Another week, another analytics webinar, although the latest one came with a somewhat lighter flavor than the beast which has arisen from the wealth of data flooding in from Akamai servers, which we broke down in our previous issue. It was interesting then that this week’s analytics webinar was hosted by Vimmi, a company presumably a minor rival in the eyes of Akamai, with its claims of reinventing the CDN as we know it, and the Israeli video software start-up is now increasing its focus in the analytics space.

Despite not offering much in the way of differentiation from similar dashboard products we have seen in recent months, at first glance anyway, what makes Vimmi’s analytics platform stand out is being highly focused on telco OTT services. It claims to collect data from over 100 million users every day and uses deep learning techniques to automatically choreograph decisioning, for example to redetermine audience targeting.

Like others, its analytics and reporting tools open up a portal to a world of critical real time traffic and usage information broken out by region, node, account, request, video stream, viewing model and platform. Vimmi says the system provides all information needed to optimize resource utilization, traffic patterns and account policies.

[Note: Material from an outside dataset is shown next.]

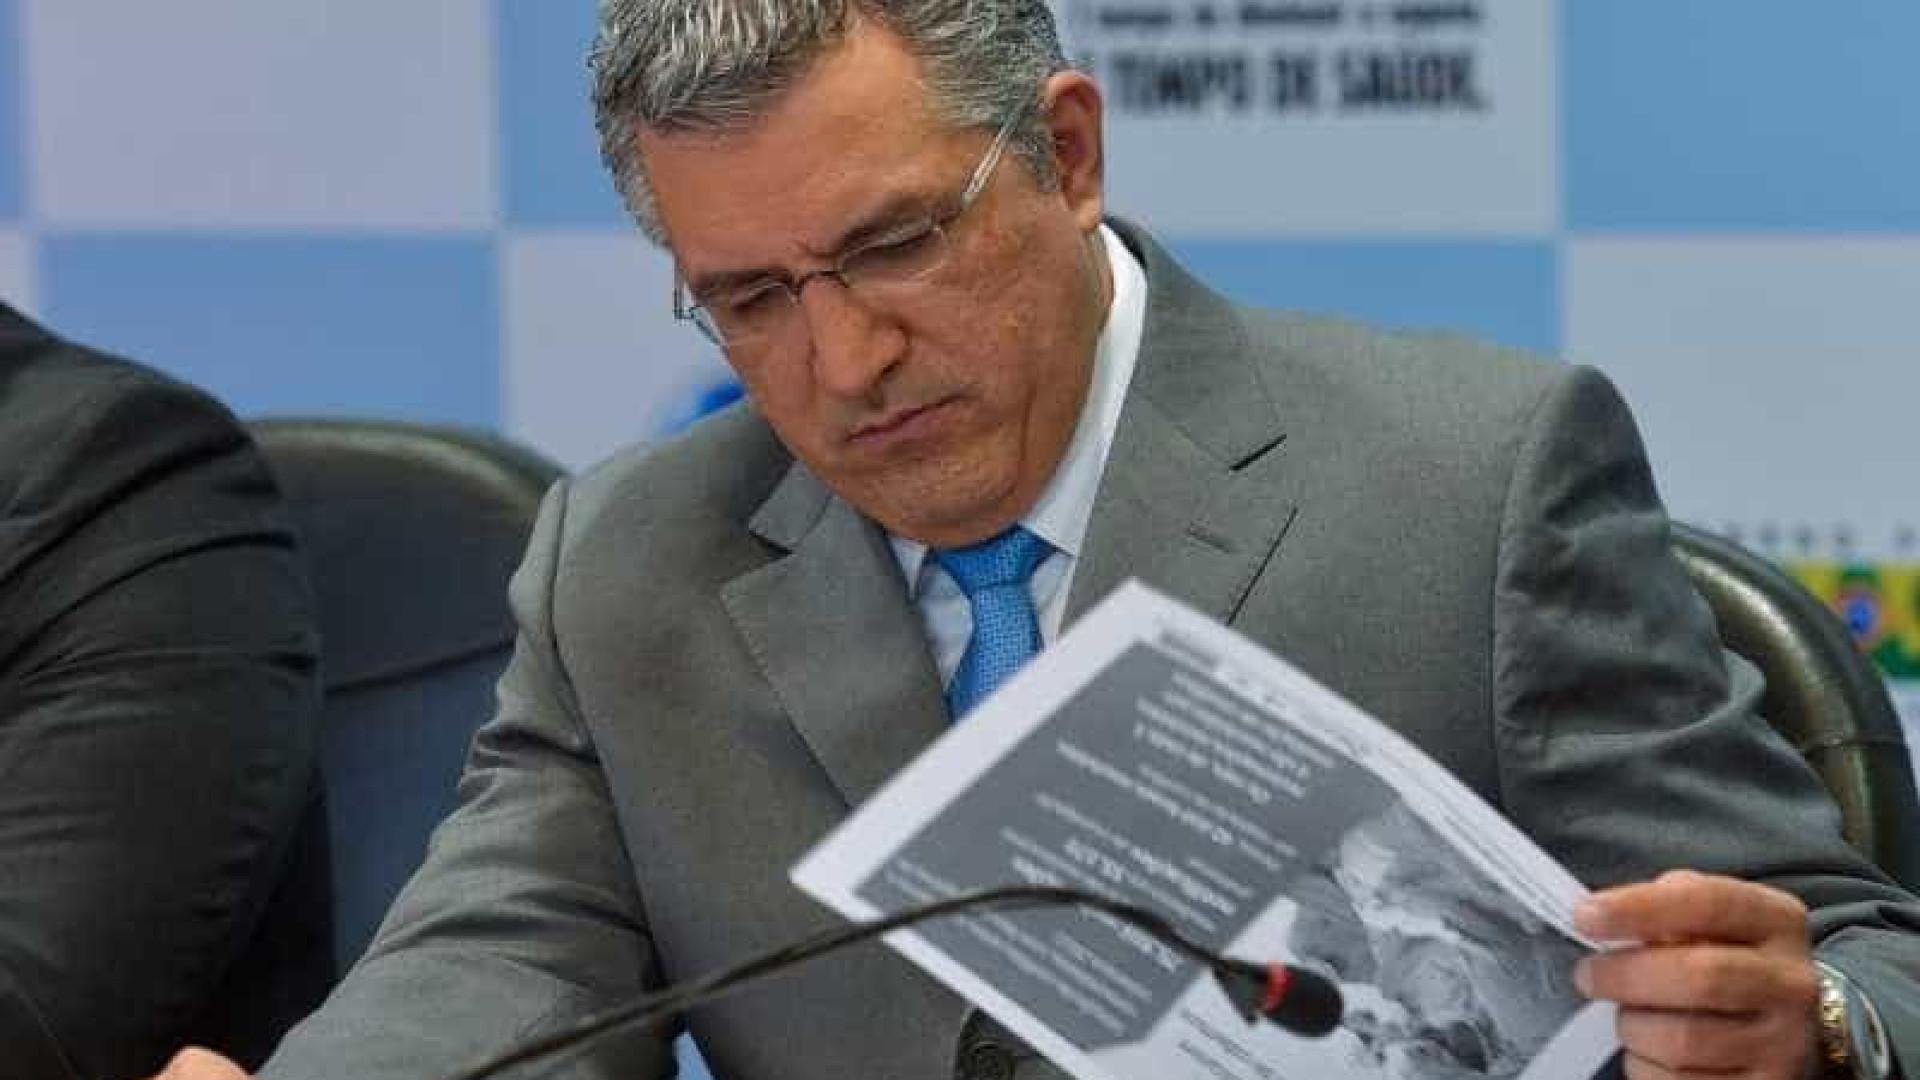 NOTÍCIA: Dilma Rousseff diz que Lula é inocente

But not really all, because when Faultline Online Reporter asked co-CEO Eitan Koter if Vimmi had any similar insights to a surprise insight from Akamai’s analytics webinar last week, relating to personalization software being shamed as a pet peeve for performance, he brushed off the issue. Of course, this goes against the premise of analytics platforms like Vimmi’s, whose bread and butter is to churn out ideas for monetization like more targeting, more personalization, more content asset prioritization.

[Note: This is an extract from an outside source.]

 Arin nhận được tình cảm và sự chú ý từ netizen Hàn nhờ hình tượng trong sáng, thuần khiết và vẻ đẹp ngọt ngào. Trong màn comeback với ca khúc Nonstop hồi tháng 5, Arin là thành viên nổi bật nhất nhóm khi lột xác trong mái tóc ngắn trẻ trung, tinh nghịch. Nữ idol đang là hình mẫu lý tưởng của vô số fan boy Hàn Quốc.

One unusual feature we haven’t observed before involves customization of the dashboard for each persona within a business, for example the CEO, CTO, CFO and CMO would all see slightly different reports – depending on their needs. On one hand this seems great, but on the other, each executive observing different things might cause confusion in the company.

Reporting on CDN historical performance and trends is based on data from monitoring systems and the CDN core. Parameters include storage utilization, service availability and load. Operators may monitor and manage log processing and track object distribution statistics.

When we first met Vimmi in early 2017, the company was pushing its multi-access edge computing (MEC) technologies and machine learning algorithms – primarily aimed at telcos striving to reduce bandwidth for mobile-delivered video. And, surprise, these same technologies have given birth to yet another analytics dashboard – one which looks a far cry from the product analyzing multiple parameters within a network, such as congestion, geographical location and type of platform, to learn about the network and decide how and where to serve video chunks.

We believe this is representative of desperation on the operator level regarding data monetization, which is in turn driving demand for these dashboards – dragging some vendors away from what they were good at in the first place.